Without decisive action, the incoming health secretary risks sleepwalking towards an ever-worsening healthcare crisis, suggests Santosh Sahu, founder & CEO of Charac

Although it has only been two months since his previous tenure as health secretary, Steve Barclay inherits a daunting in-tray.

The challenges facing the NHS have only grown under his predecessor’s watch. NHS waiting times earlier this month reached record levels, reaching 7 million for the first time in its history.[1]

Alongside this, Rishi Sunak’s government inherits the daunting task of plugging a £60 billion hole in the public finances caused by economic instability. The chancellor has already indicated that this money will come from further departmental efficiencies and has not ruled out cuts to the NHS budget.

This perfect storm poses a serious threat to the long-term stability of the UK’s health ecosystem, and the health secretary must take decisive action if it is to continue to deliver on its founding constitution.

During his last tenure in office, the health secretary indicated his desire to develop a ‘Pharmacy First’ model which would ease the pressure on hospitals and free up vital resources. As he returns to office, the health secretary must ensure that this is at the forefront of his plans to reform the NHS.

Backing community pharmacies

However, implementing a Pharmacy First model within the healthcare system relies upon providing community pharmacies with the right tools they need to effectively deliver a full range of services to their local communities.

Many community pharmacies are facing a recruitment crisis, with a recent study revealing that over 90% of pharmacies are experiencing staff shortages.[2] At a time where community pharmacies are witnessing record dispensing levels, these critical cornerstones on the high street will in turn struggle to keep up with growing demands.[3]

In a world where consumers increasingly expect to be able to gain access to good and services online, community pharmacies need to catch up and join the digital revolution. Through helping community pharmacies gain access to time-saving digital platforms, pharmacists will be able free up the time and manpower that might otherwise prevent them from delivering other important services to their local communities. Disruptive start-ups such as Charac play a critical role in shaping the future of the industry. Charac’s app enables pharmacies to manage prescriptions and book consultations from a laptop, tablet or mobile, saving valuable time while broadening the services the pharmacies typically offer.

Raising awareness

Vital to the success of a pharmacy first approach will be raising awareness around the services that community pharmacies can offer. There are over 35 medical conditions that no longer require a prescription from a GP, and under new NHS pilot scheme, pharmacists will be able to refer patients directly to cancer specialists if they spot any ‘red flag’ symptoms.
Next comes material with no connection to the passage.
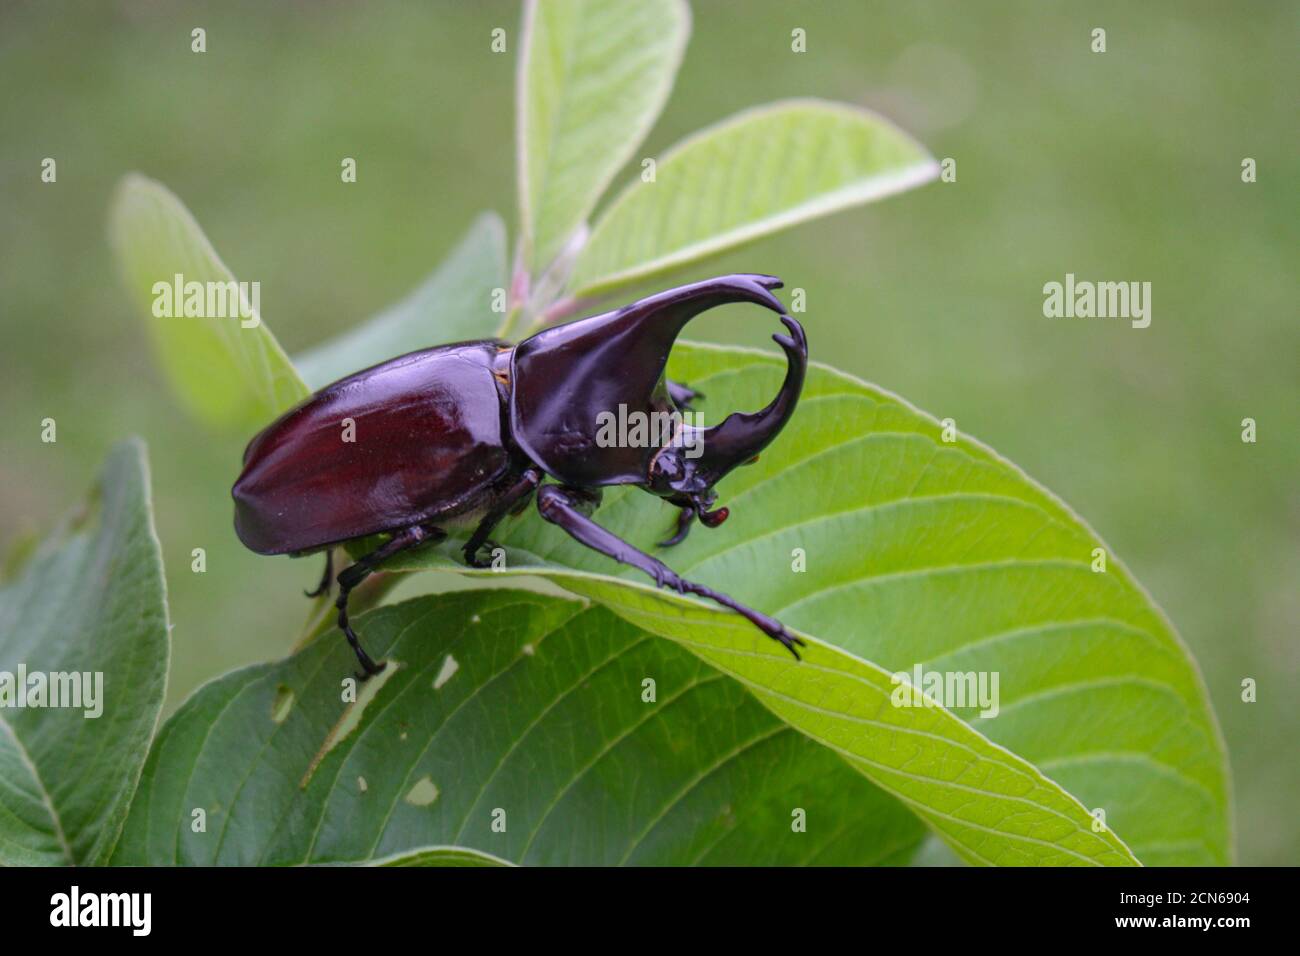 Corno beetlel, Rhino beetlel, corno beetlel sulla foglia in natura Foto Stock

However, communities are still unaware of the services which community pharmacies provide. In a recent survey, only 5.8% were aware that blood pressure checks could be performed at their local community pharmacy.[4]

To truly realise the potential of community pharmacies, the health secretary needs to ensure that any renewed pharmacy first approach is accompanied by a concentrated effort to raise awareness around the key services pharmacists can offer on both a national and local level.

Tacking health inequality

Empowering community pharmacies to help deliver a pharmacy first approach will also be a key first step in addressing the vital issue of health inequality in the UK. Between 2015 and 2022, over 40% of permanent community pharmacy closures took place in 20% of the most deprived areas of England.[5]

Denied access to community pharmacies, as the increasing impact of the cost-of-living crisis is felt by communities in these areas, means the most vulnerable within our society risk falling through the cracks of our healthcare system.

Without decisive action, the incoming health secretary risks sleepwalking towards an ever-worsening healthcare crisis which threatens the ‘levelling up’ agenda on which his party was elected in 2019. However, through creating an enhanced role for pharmacists, the health secretary can create a more sustainable healthcare ecosystem capable of delivering on the NHS’s founding principles.